** Opening Recorded data block **

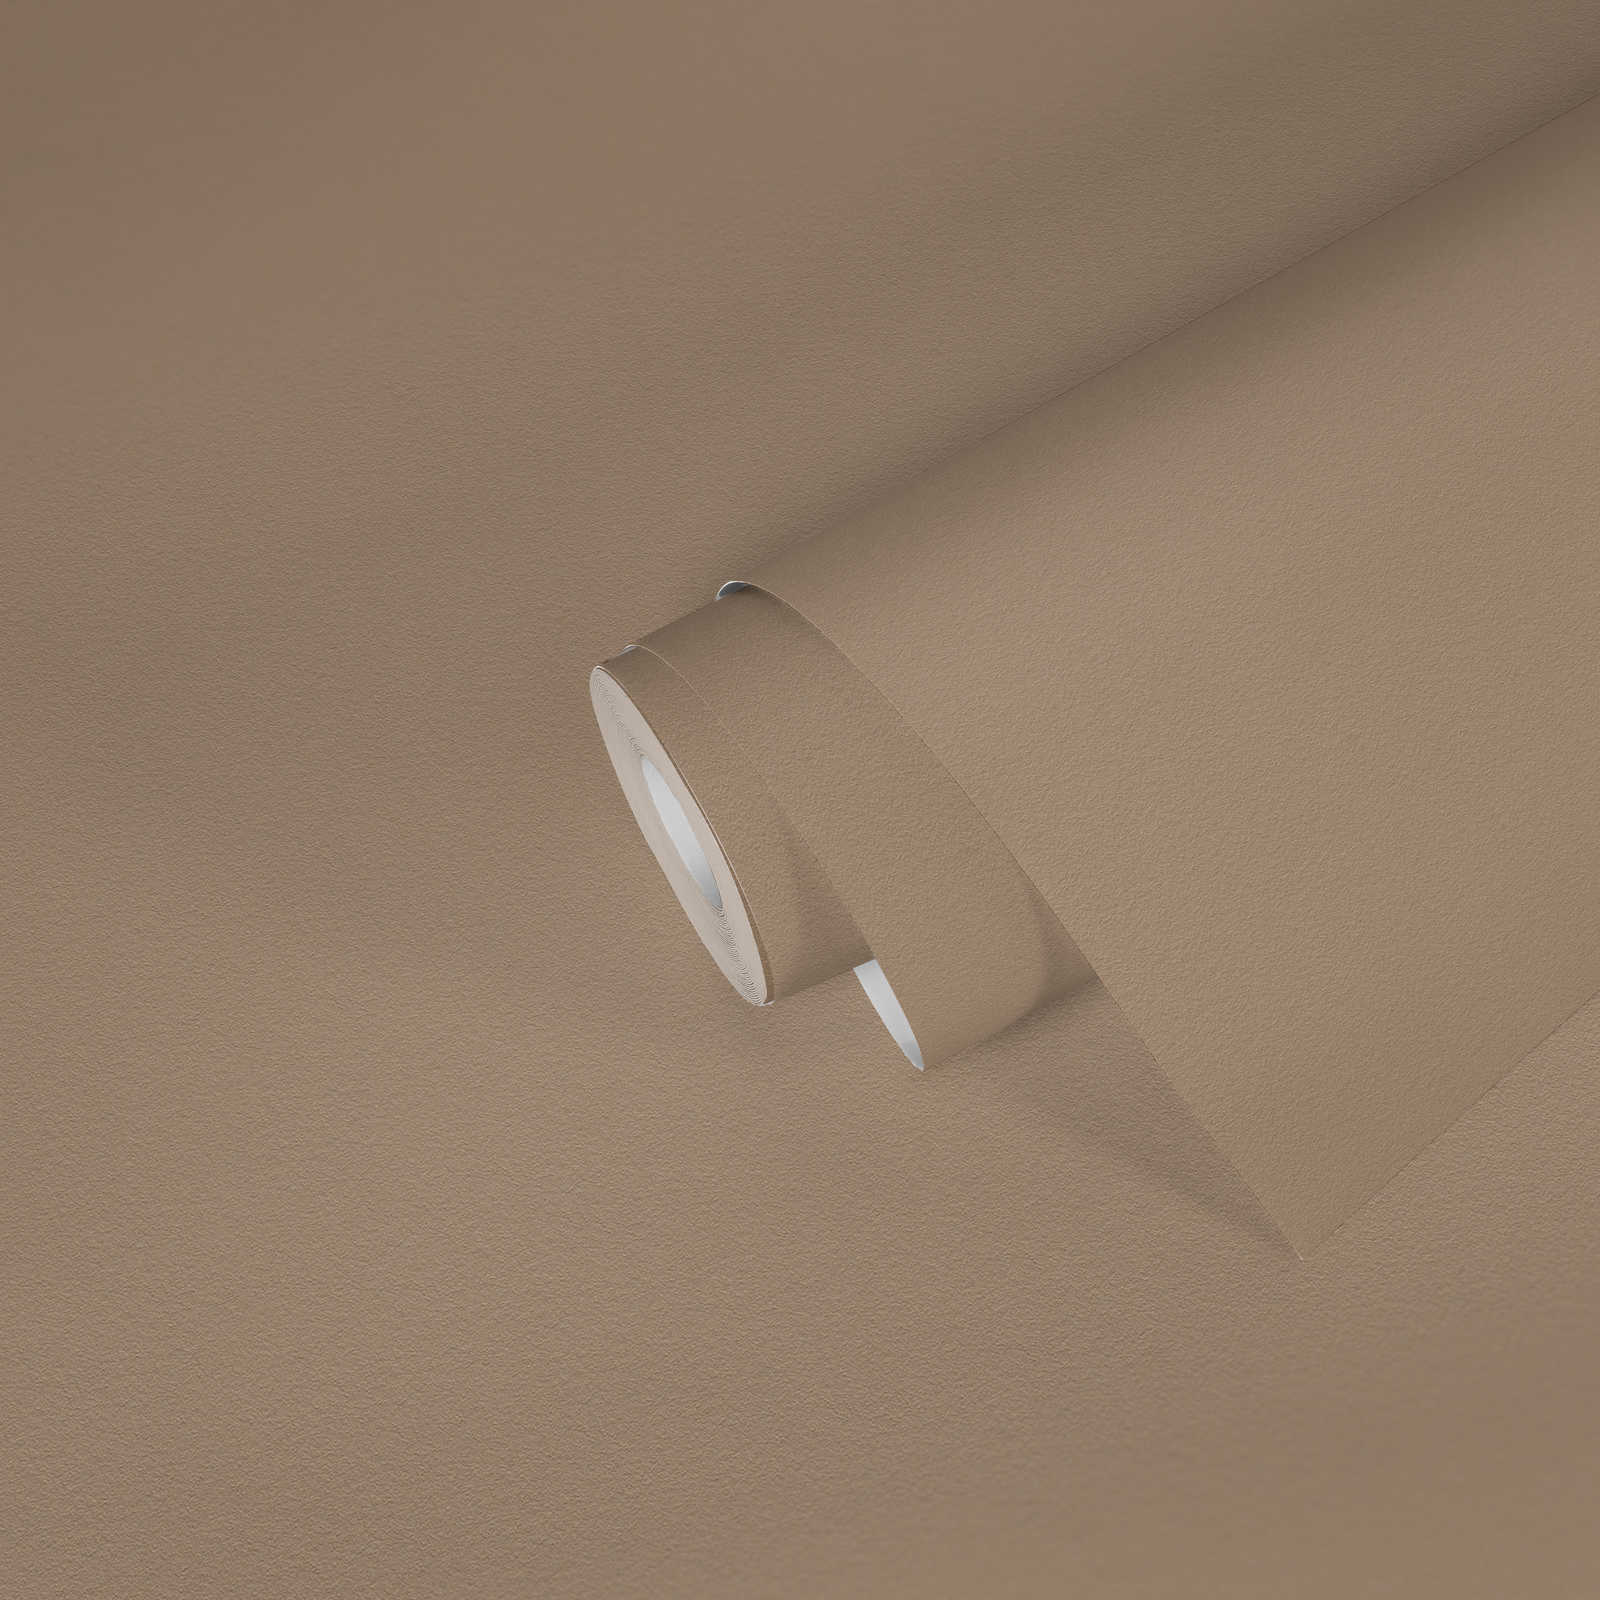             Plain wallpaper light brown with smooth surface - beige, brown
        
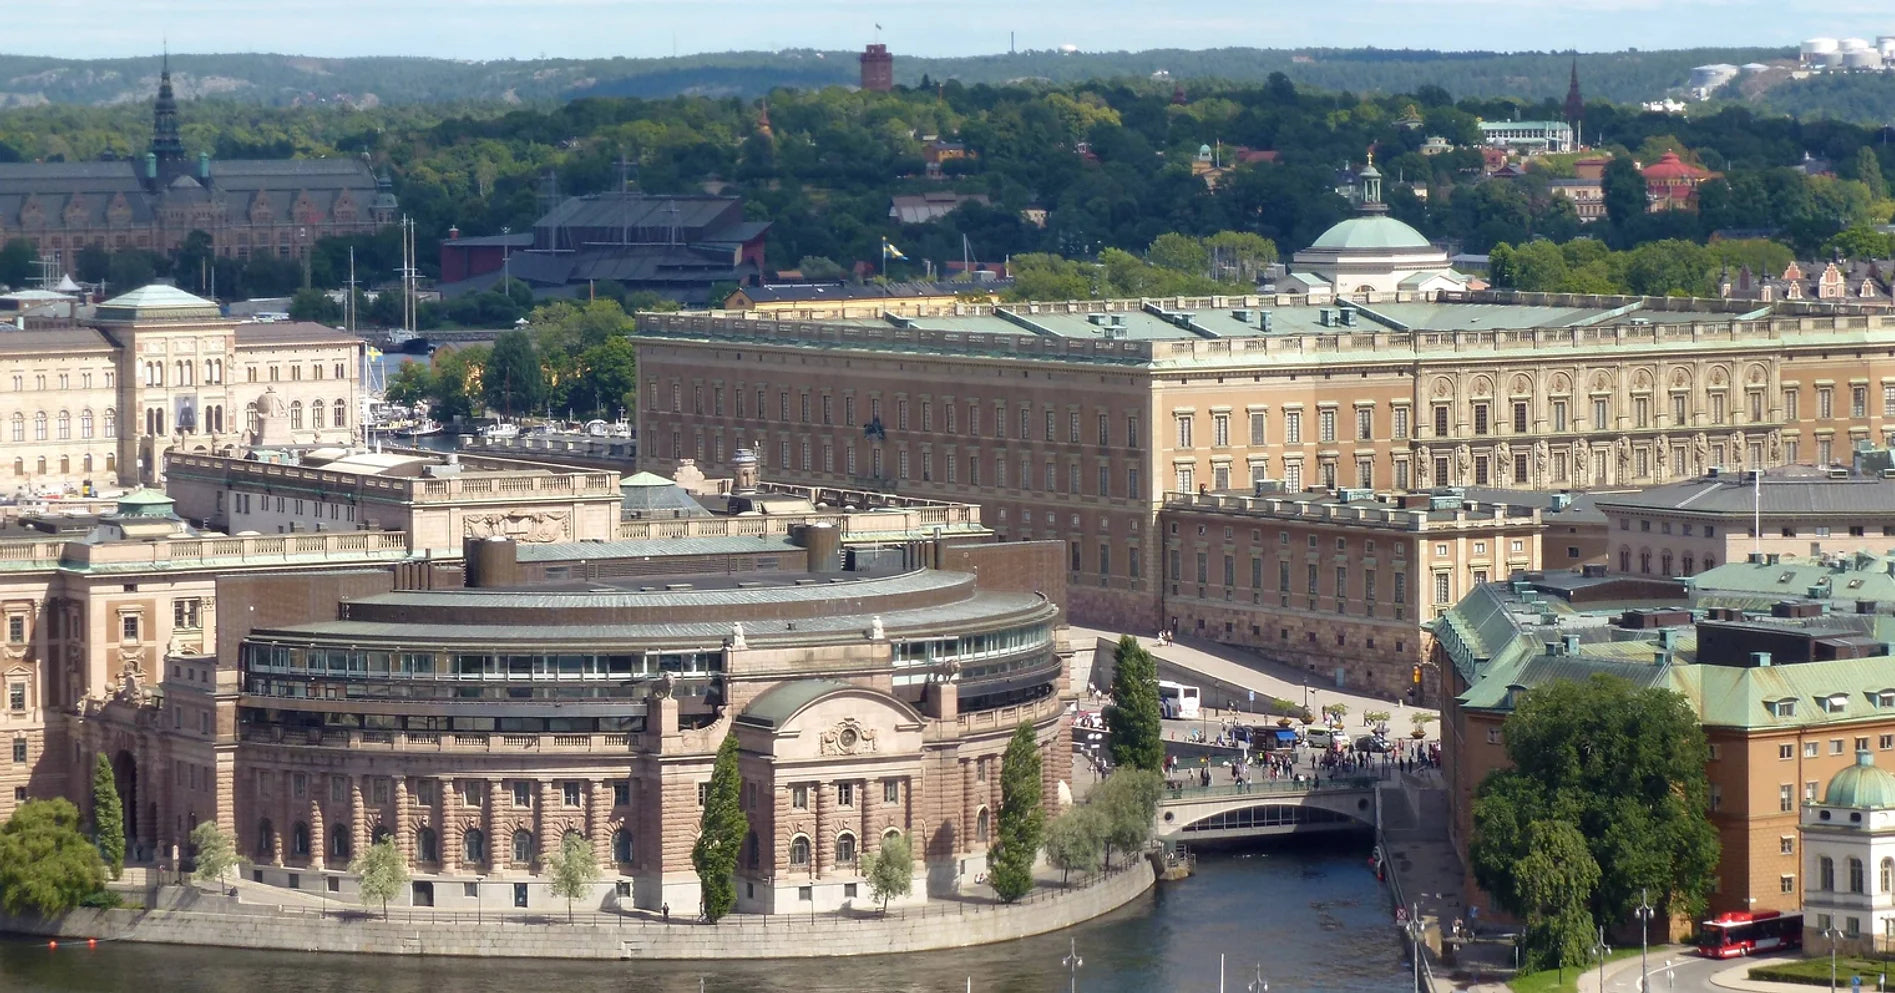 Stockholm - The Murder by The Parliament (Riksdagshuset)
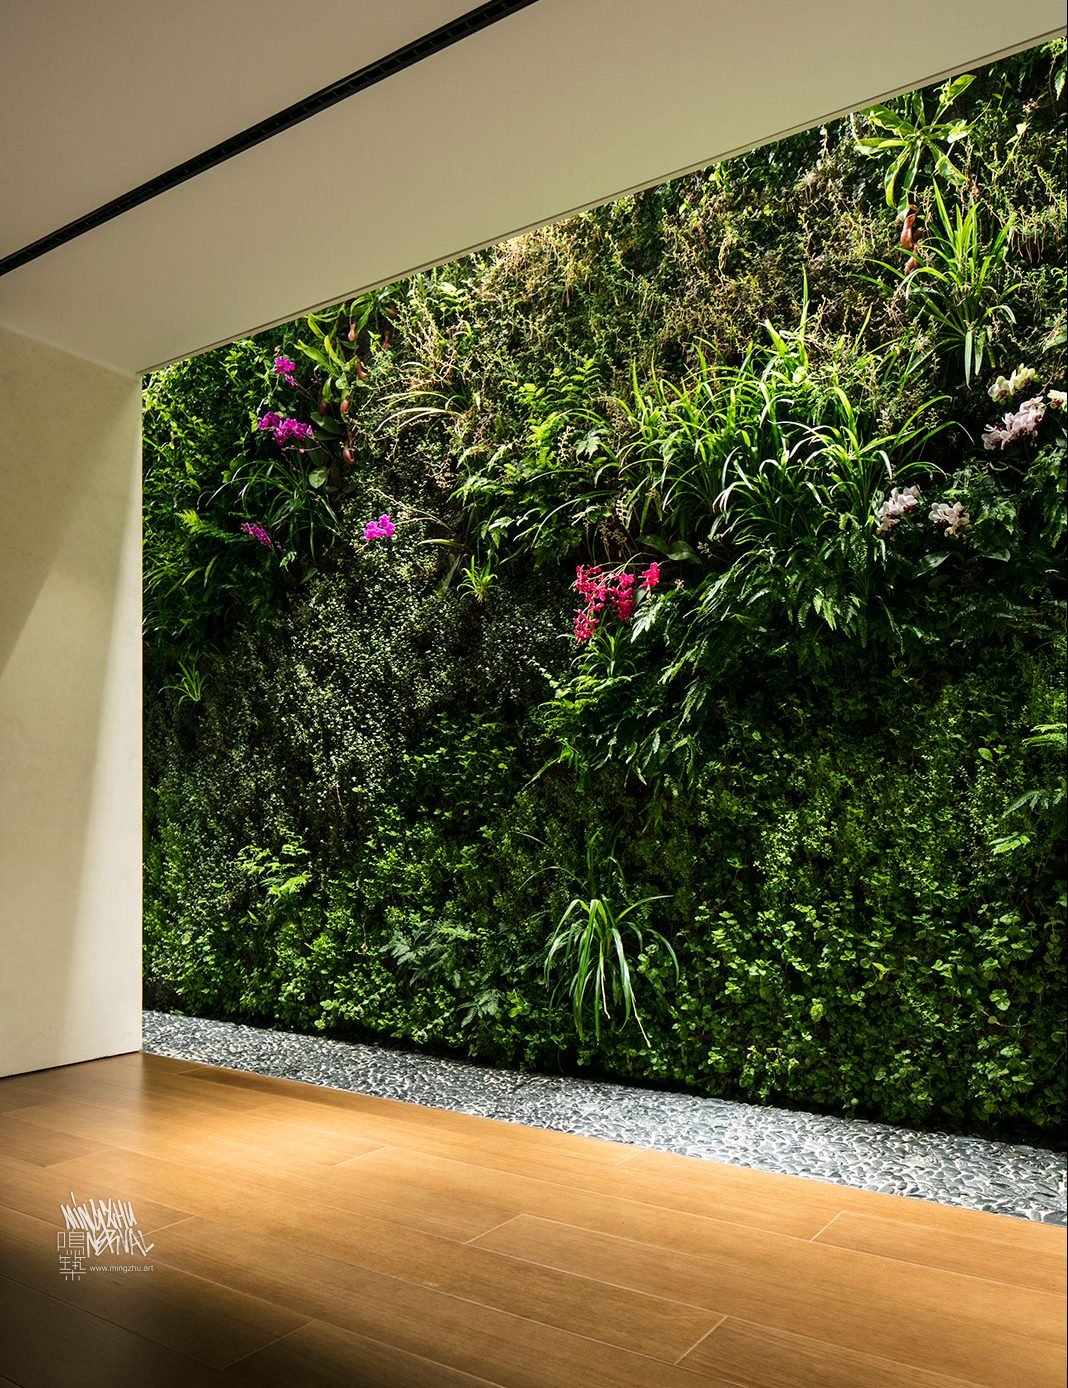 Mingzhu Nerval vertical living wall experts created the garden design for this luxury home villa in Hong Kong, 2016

** Closing Recorded data block **

- _Instructions for the task_: Beginning with the line that has "Stockholm - The", repeat each remaining line of the data above word for word, keeping pictures out.

- _Task answer_:
 Stockholm - The Murder by The Parliament (Riksdagshuset)
 Mingzhu Nerval vertical living wall experts created the garden design for this luxury home villa in Hong Kong, 2016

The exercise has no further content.